Alcohol use among adolescents has long been the topic of much discussion in Canada due to research on its impacts on physical and mental growth in adolescents.

According to studies, as the legal drinking age rises, so do the number of car accidents and youth alcohol consumption. According to the study’s findings, raising the drinking age to 19 across the country would save the lives of approximately seven 18-year-old males each year. It is estimated that raising the age limit to 21 would save approximately 32 lives per year.

A further research project concluded at the University of Northern British Columbia, found that lowering the legal drinking age to 19 for all provinces would reduce hospitalizations and injuries caused by alcohol and alcoholic beverages. The study’s findings disclosed a staggering 15 to 20% rise in the percentage of young individuals admitted to the hospital at the age of 18 or 19, based on the province.

According to research, raising the minimum legal drinking age would reduce occurrences of alcohol addiction, alcohol poisoning, and other related diseases or issues caused by consumption among young people.

Utilizing national Canadian fatality information from 1980 to 2009, investigators looked into the causes of death of people between 16 and 22 years of age. They discovered that immediately after the minimum allowed drinking age, male deaths due to injuries increased by 10 to 16%, and male lives lost as a result of car crashes increased by 13 to 15%.

Furthermore, the study indicates the potential for infrastructure and excise taxes to be saved by relieving some of the burdens on emergency departments and first responders.

Alcohol (or alcohol-related beverages) is the leading cause of mortality and morbidity among youth aged 10 to 24 worldwide. There is substantiation that alcohol consumption can harm cognitive functioning, especially during adolescence and young adulthood, while certain trends of use are riskier than others. As a result, young people, as well as young adults, are urged to put off drinking as long as possible.

MLDA and crime

When evaluating major sex assault crimes recorded in the Uniform Crime Reporting Survey, the occurrence of sexual assault offenses significantly increased for men just older than that of the MLDA compared with men just younger than that of the MLDA, both nationwide and in most provinces where the MLDA is 19 years of age (31.9 percent and 56.0 percent, respectively).

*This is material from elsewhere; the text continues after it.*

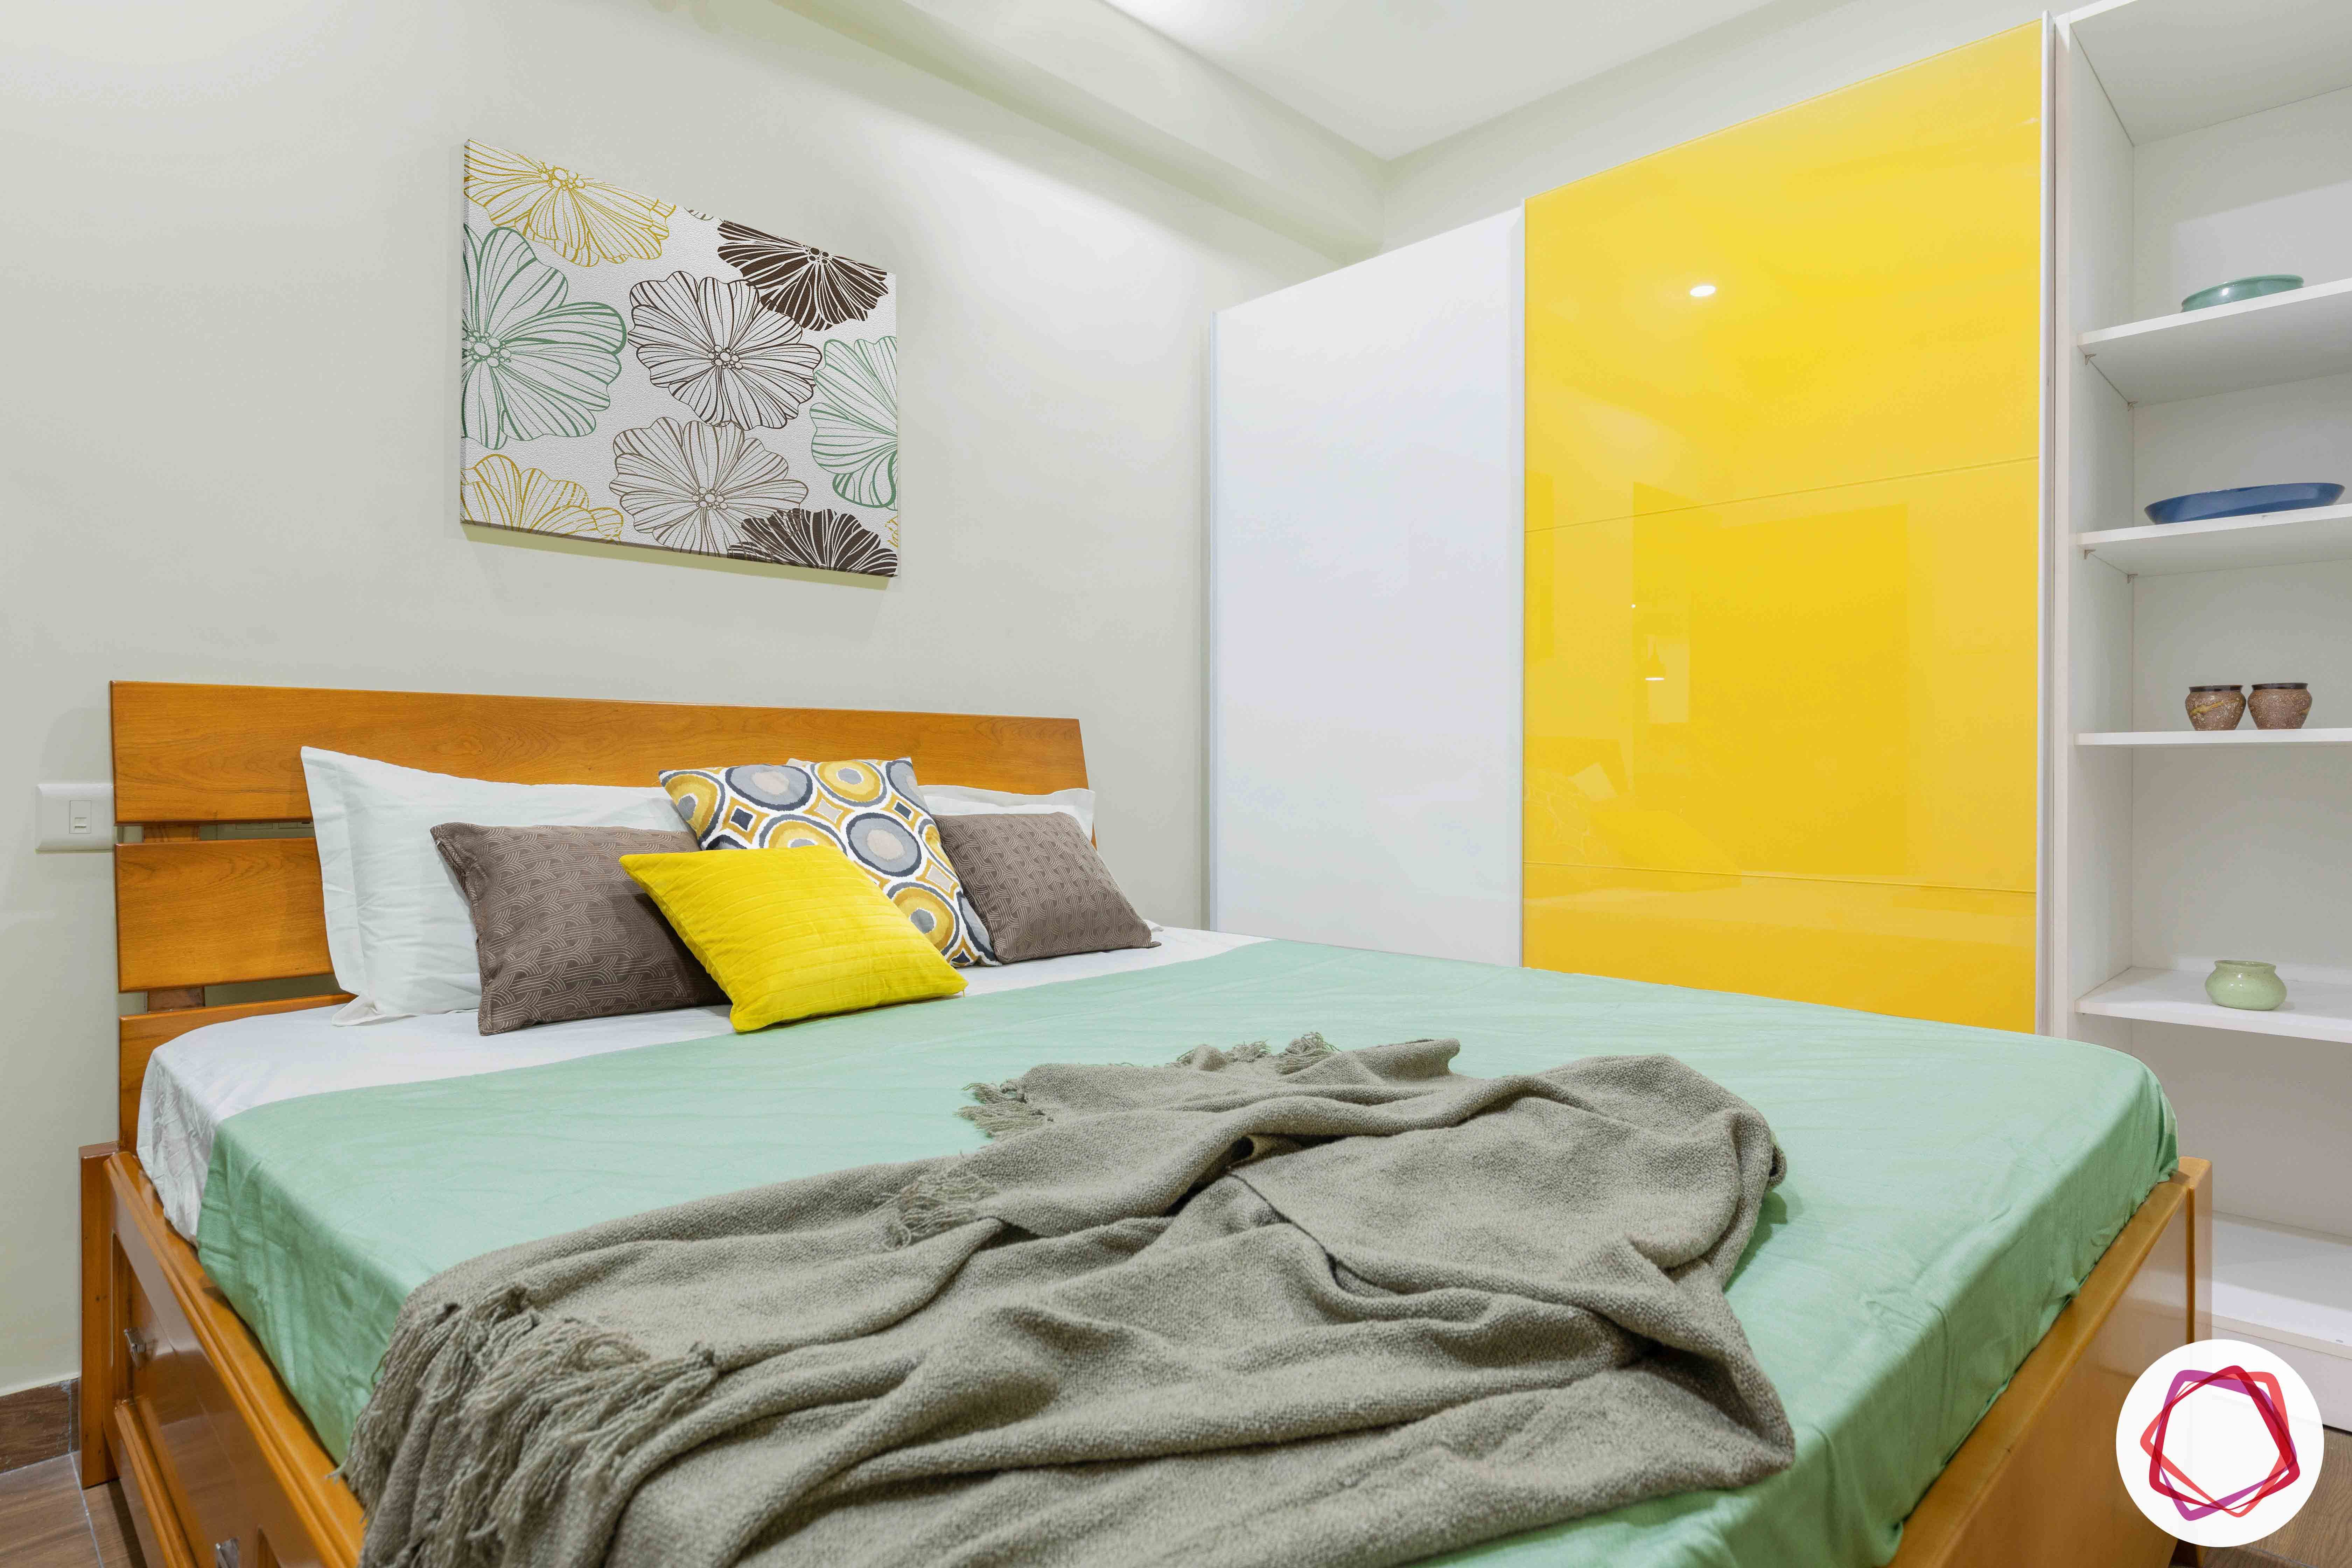 yellow and white wardrobe-yellow blinds-wooden bed

There was no evidence that the MLDA had any effect on the commission of sexual assault offenses among females. In a study of police-reported crime victimizations in Canada, males and females merely older than the MLDA were much more likely to be the victims of violent crimes (e.g., homicide, assault, and robbery) and all offenses than those just younger than the MLDA (10.4–13.5 percent ).

MLDA and morbidity

An investigation discovered that those merely older than the Ontario MLDA of 19 years illustrated an increase in ER visits as well as hospitalizations for alcohol-related disorders (10.8 percent), violent attacks (7.9 percent), and suicide (51.8 percent) when contrasting teenagers a bit older than the MLDA with all those a bit younger than the MLDA.

Those just over the MLDA in all Canadian provinces, except Quebec, experienced an increase in ER visits and hospitalizations for self-inflicted injuries (9.6%) as well as alcohol use disorders and poisonings (16.3%). Females in Ontario experienced a 91.8 percent growth in alcohol-related suicides after reaching the legal drinking limit.

Consequences of underage drinking

Minors caught with alcohol or alcoholic beverages in their possession or trying to purchase alcohol under a fake name will be prosecuted criminally. They could face jail time if convicted. Minors will also be required to perform community service and participate in rehab facilities such as monitored counseling. Charges against minors might be dropped if they take part in the program.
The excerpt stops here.